Según las características individuales, no hay ninguna que muestre diferencias en las probabilidades de mudarse, aunque los trabajadores cualificados sí buscan mudarse a aquellas regiones con impuestos más bajos con una mayor intensidad. Además, los autónomos también resultan ser uno de los grupos más sensibles ante los cambios impositivos; mientras que, por sectores, los empleados de la salud, comunicación, finanzas o industrias científicas muestran las elasticidades más elevadas.
Por último, y relacionado con la curva de Laffer (aquí explico por qué no es conveniente para los liberales defenderla), ¿cómo afecta los cambios impositivos a la recaudación? Para ello se calculan (1) los efectos mecánicos, es decir, si una región sube un tipo impositivo, recaudará más porque los individuos deben hacer frente a una mayor cuña fiscal; (2) los efectos de comportamiento o, lo que es lo mismo, los cambios generados por una modificación en la asignación de recursos de los agentes que altera la base imponible; (3) el efecto migratorio, en la que los ciudadanos se desplazan allá donde los impuestos supongan una menor carga. Los resultados señalan un mayor impacto de los efectos mecánicos, es decir, aquellas comunidades autónomas que aumentaron los tipos impositivos también vieron cómo su recaudación aumentaba y, de forma contraria, las regiones que bajaron sus tipos sufrieron una merma recaudatoria.

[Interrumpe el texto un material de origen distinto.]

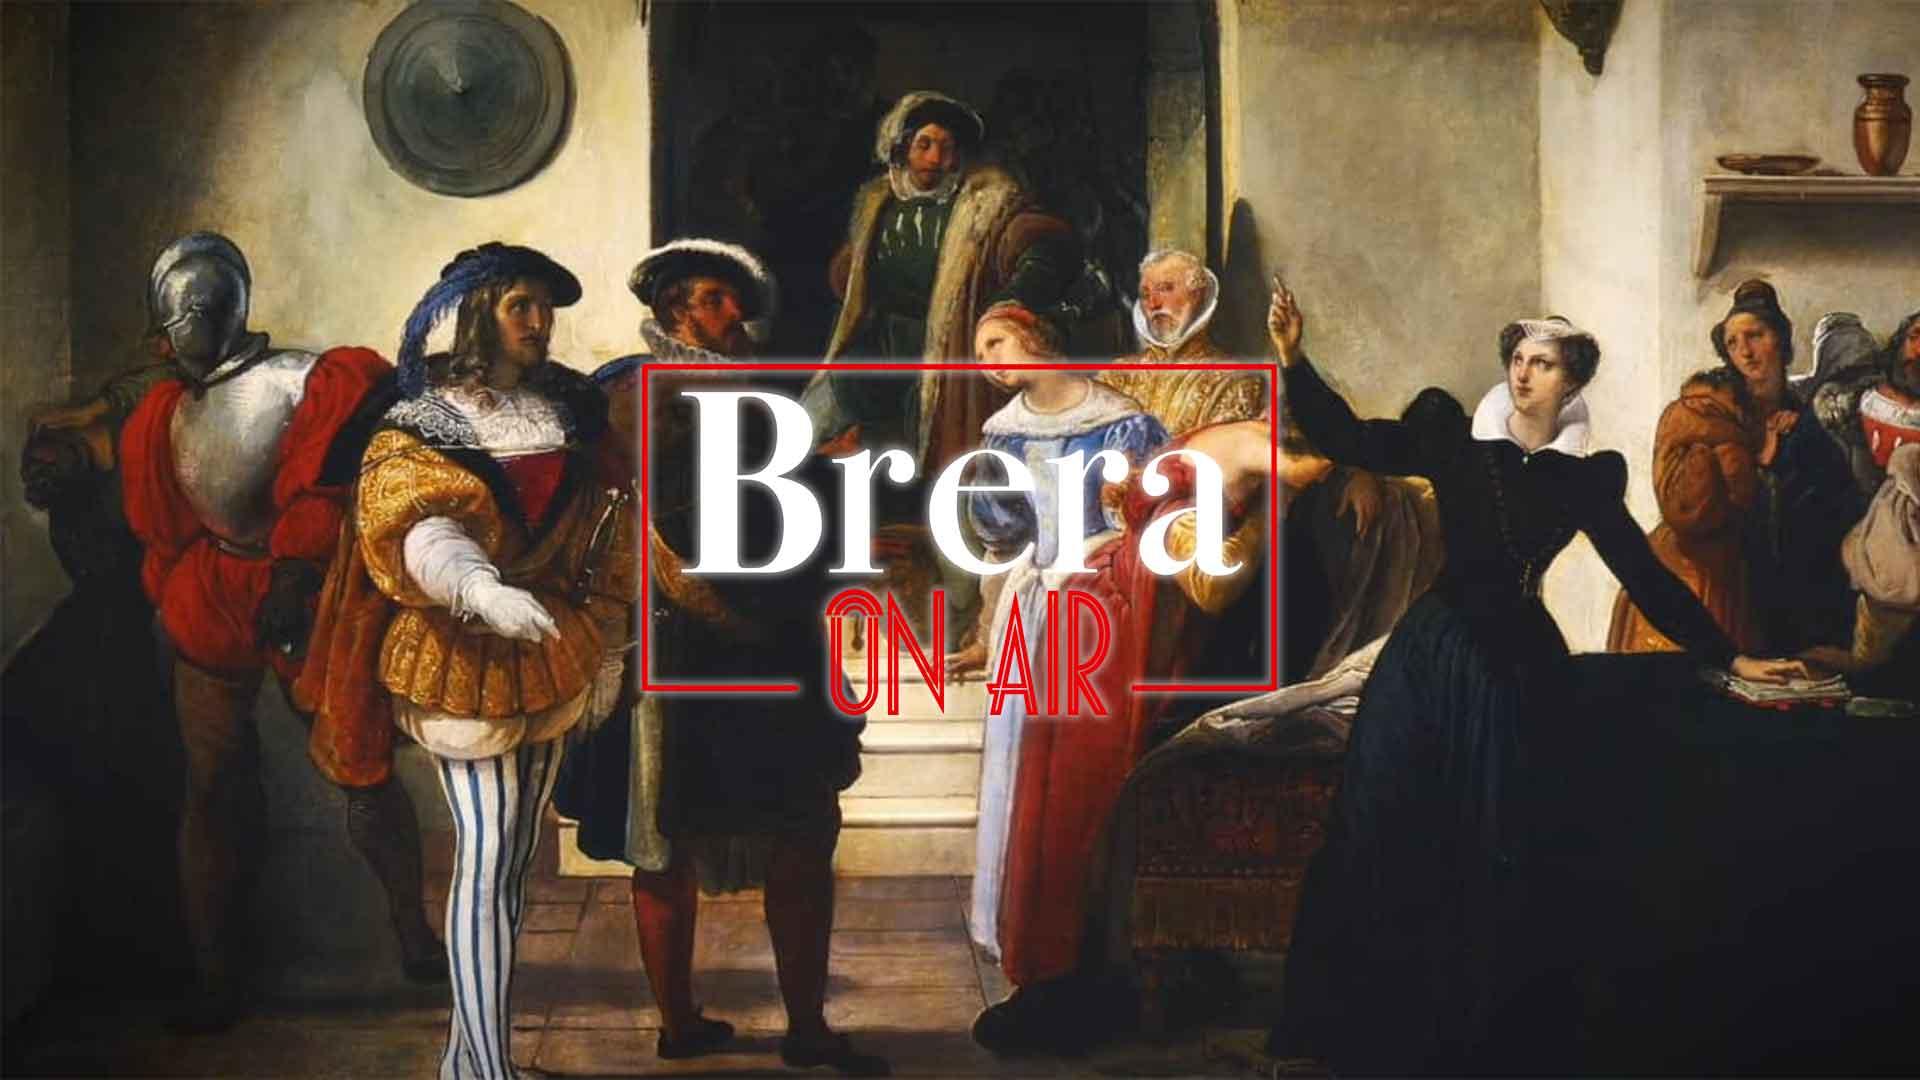 Nei depositi della Pinacoteca con <em>Brera on Air</em>

Es decir, las comunidades autónomas se encuentran en el lado izquierdo de la curva de Laffer, “incrementar los tipos impositivos en relación a los tipos impositivos del Gobierno central incrementa los ingresos fiscales”. Por ejemplo, Madrid vio caer sus ingresos fiscales en 50 millones de euros debido a las bajadas de impuestos aplicadas durante los años de la muestra del estudio, y solo se vieron compensadas en un 8% por los aumentos en la base imponible y en un 18% por la atracción de nuevos contribuyentes.
En definitiva, en España, al menos para el caso de los contribuyentes con más renta, la competencia fiscal es muy beneficiosa: son capaces de trasladar su residencia a aquellas regiones que ofrecen una carga tributaria menor, por lo que a priori parece necesario extender dicha sana competencia al máximo número de contribuyentes posibles, si eso permite emparejar las preferencias de los ciudadanos con la cesta de bienes e impuestos ofrecidos por las comunidades autónomas al mismo tiempo que la carga fiscal disminuye y la calidad de los servicios públicos mejora. Además, hay que hacer una advertencia más: la magia lafferiana no existe, al menos en España, es decir, bajar impuestos produce el efecto deseado, que no es otro que el de reducir el tamaño del Estado.
[i] Desde 1997 lo podrían hacer, pero la escasa proporción de la recaudación que les correspondía (15%) no generó cambios hasta 2007, cuando ya con el 35% de los ingresos Madrid, La Rioja y Valencia redujeron tímidamente los tipos marginales.